WHAT IS BEING ASKED: In full and without alteration, output each record given here.

RECORDED DATA:
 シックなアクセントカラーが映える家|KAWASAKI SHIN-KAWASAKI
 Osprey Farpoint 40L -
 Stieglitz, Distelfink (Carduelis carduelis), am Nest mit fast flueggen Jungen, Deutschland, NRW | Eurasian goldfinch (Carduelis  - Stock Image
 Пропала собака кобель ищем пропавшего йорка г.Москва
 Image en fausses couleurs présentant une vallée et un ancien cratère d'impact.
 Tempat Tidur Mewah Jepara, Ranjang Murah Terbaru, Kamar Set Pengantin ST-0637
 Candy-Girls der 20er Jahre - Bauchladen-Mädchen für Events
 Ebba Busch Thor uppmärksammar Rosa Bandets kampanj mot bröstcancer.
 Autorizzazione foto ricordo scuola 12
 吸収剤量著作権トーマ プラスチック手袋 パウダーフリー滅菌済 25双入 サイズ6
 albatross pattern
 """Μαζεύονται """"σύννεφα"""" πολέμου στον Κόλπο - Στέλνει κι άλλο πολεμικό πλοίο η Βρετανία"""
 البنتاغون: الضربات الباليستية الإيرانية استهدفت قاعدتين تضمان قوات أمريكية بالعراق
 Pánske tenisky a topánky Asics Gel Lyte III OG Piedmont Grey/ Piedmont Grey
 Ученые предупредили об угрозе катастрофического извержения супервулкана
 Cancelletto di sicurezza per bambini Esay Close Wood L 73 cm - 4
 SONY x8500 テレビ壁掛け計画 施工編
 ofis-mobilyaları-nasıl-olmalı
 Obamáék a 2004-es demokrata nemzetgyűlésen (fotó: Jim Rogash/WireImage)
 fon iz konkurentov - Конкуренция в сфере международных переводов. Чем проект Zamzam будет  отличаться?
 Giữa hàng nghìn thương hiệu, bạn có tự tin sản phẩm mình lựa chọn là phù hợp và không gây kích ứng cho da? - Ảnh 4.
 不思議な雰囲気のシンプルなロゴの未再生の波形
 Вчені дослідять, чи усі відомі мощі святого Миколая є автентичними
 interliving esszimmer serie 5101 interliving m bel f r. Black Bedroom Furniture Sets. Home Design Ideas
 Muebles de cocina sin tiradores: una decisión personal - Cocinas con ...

ANSWER BOX:
 シックなアクセントカラーが映える家|KAWASAKI SHIN-KAWASAKI
 Osprey Farpoint 40L -
 Stieglitz, Distelfink (Carduelis carduelis), am Nest mit fast flueggen Jungen, Deutschland, NRW | Eurasian goldfinch (Carduelis  - Stock Image
 Пропала собака кобель ищем пропавшего йорка г.Москва
 Image en fausses couleurs présentant une vallée et un ancien cratère d'impact.
 Tempat Tidur Mewah Jepara, Ranjang Murah Terbaru, Kamar Set Pengantin ST-0637
 Candy-Girls der 20er Jahre - Bauchladen-Mädchen für Events
 Ebba Busch Thor uppmärksammar Rosa Bandets kampanj mot bröstcancer.
 Autorizzazione foto ricordo scuola 12
 吸収剤量著作権トーマ プラスチック手袋 パウダーフリー滅菌済 25双入 サイズ6
 albatross pattern
 """Μαζεύονται """"σύννεφα"""" πολέμου στον Κόλπο - Στέλνει κι άλλο πολεμικό πλοίο η Βρετανία"""
 البنتاغون: الضربات الباليستية الإيرانية استهدفت قاعدتين تضمان قوات أمريكية بالعراق
 Pánske tenisky a topánky Asics Gel Lyte III OG Piedmont Grey/ Piedmont Grey
 Ученые предупредили об угрозе катастрофического извержения супервулкана
 Cancelletto di sicurezza per bambini Esay Close Wood L 73 cm - 4
 SONY x8500 テレビ壁掛け計画 施工編
 ofis-mobilyaları-nasıl-olmalı
 Obamáék a 2004-es demokrata nemzetgyűlésen (fotó: Jim Rogash/WireImage)
 fon iz konkurentov - Конкуренция в сфере международных переводов. Чем проект Zamzam будет  отличаться?
 Giữa hàng nghìn thương hiệu, bạn có tự tin sản phẩm mình lựa chọn là phù hợp và không gây kích ứng cho da? - Ảnh 4.
 不思議な雰囲気のシンプルなロゴの未再生の波形
 Вчені дослідять, чи усі відомі мощі святого Миколая є автентичними
 interliving esszimmer serie 5101 interliving m bel f r. Black Bedroom Furniture Sets. Home Design Ideas
 Muebles de cocina sin tiradores: una decisión personal - Cocinas con ...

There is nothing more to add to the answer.